Par ailleurs, la pandémie du COVID-19 a accentué la situation de vulnérabilité des migrants installés ou bloqués au Niger. Le secteur informel, véritable poumon de l’économie populaire, qui embauche les migrants a été sérieusement impacté par les mesures sécuritaires liées à l’état d’urgence sanitaire. En effet, le confinement et le couvre-feu se sont traduits par l’arrêt brusque du fonctionnement des restaurants, bars, boites de nuit, salles de spectacle et de jeux. Ce sont ces secteurs qui offrent de petits boulots aux migrants dans les centres urbains. Du coup, de nombreux migrants se sont retrouvés sans emplois et sans ressources pour survivre. Pire, les mesures barrières de distanciation physique et la psychose née de la pandémie ont brisé la chaîne de solidarité envers eux.

Pouvez-vous partager avec nous une expérience (en lien avec les droits des migrants et idéalement depuis le début de la pandémie) que vous considérez comme une expérience de référence pour AEC ?
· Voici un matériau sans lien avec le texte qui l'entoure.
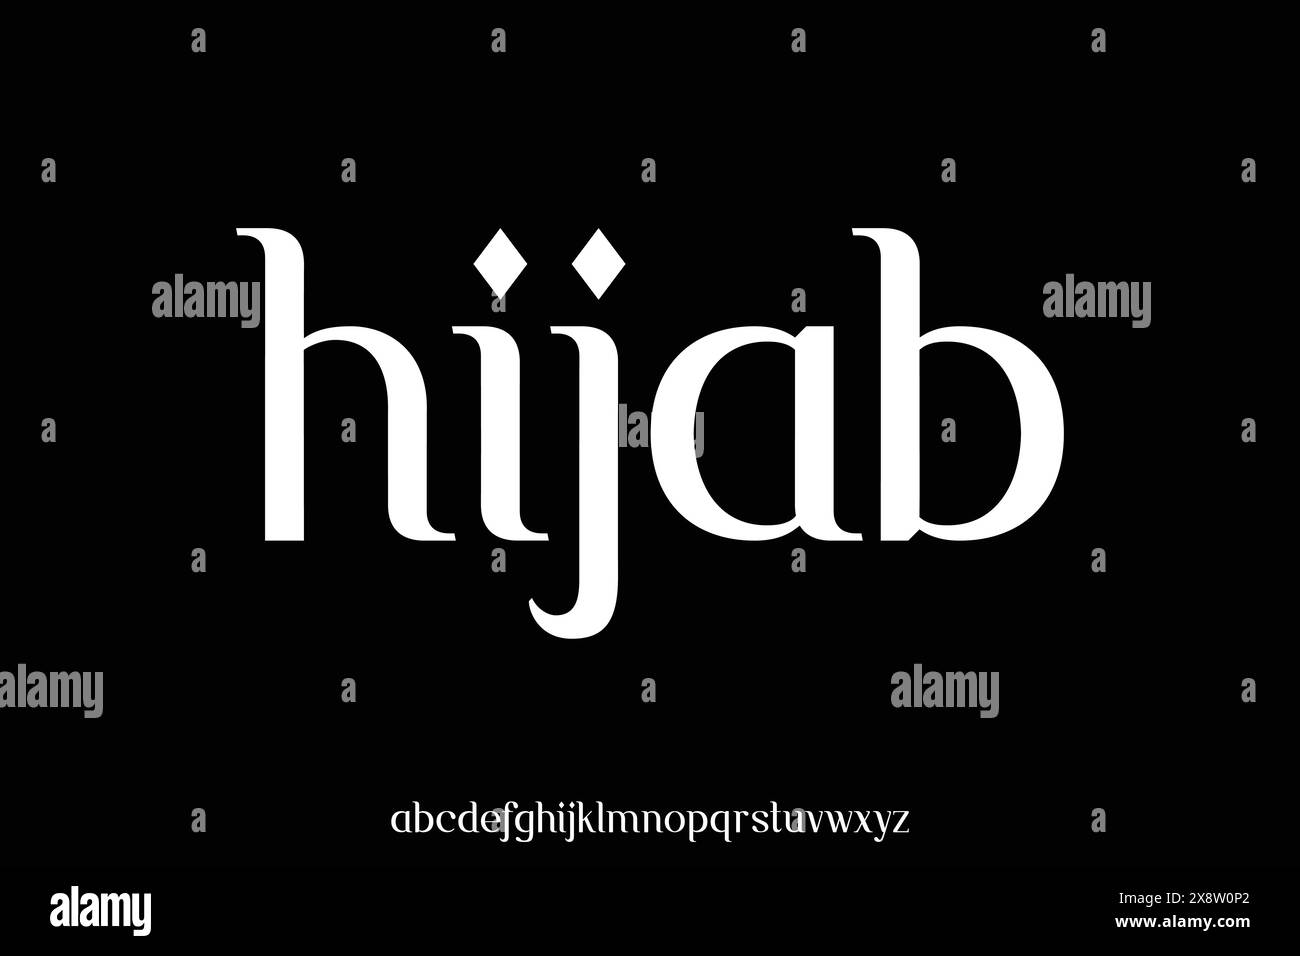 Elegante arabische Schrift-Vektor-Illustration Stock Vektor

En juin dernier, un partenariat stratégique entre AEC, la MdM et la CNDH du Niger a permis la libération, le rétablissement des liens familiaux et le retour au bercail de 3 jeunes nigériens dont 2 étaient incarcérés à la maison d’arrêt de Gao. Les 2 mineurs âgés de 15 et 16 ans ont été relaxés par la justice, après un séjour carcéral de plus de 3 mois. Depuis leur remise en liberté, ils étaient logés, nourris, habillés et suivis médicalement –COVID19 oblige- par cette structure caritative. Le troisième âgé de 17 ans a quitté Tchintabaraden (région de Tahoua) pour le sud algérien. Après plusieurs mois d’errance, il s’est retrouvé sur en compagnie d’autres migrants un site d’orpaillage au nord Mali. Epuisé par de longs mois de labeur sans paiement, il réussit à s’enfuir pour rallier Gao, à bord d’un camion de transport de marchandises. Pendant tout le temps qu’a duré leur parcours migratoire, les familles étaient sans nouvelles de leurs enfants. C’est dans ce contexte, que M. Eric Kamdem Alain, coordinateur de la MdM, a sollicité AEC pour rétablir le contact avec leurs familles. Dans la foulée, saisie du dossier, la CNDH a menée des démarches auprès du ministère de l’Intérieur pour obtenir le retour des enfants au Niger, malgré la fermeture des frontières liées à l’état d’urgence sanitaire. Finalement, les garçons ont été accueillis à l’espace Frantz Fanon de Niamey par les 2 commissaires aux droits humains, des responsables d’AEC, le président du Conseil des éleveurs Nord Tillabéri et des membres de leurs familles.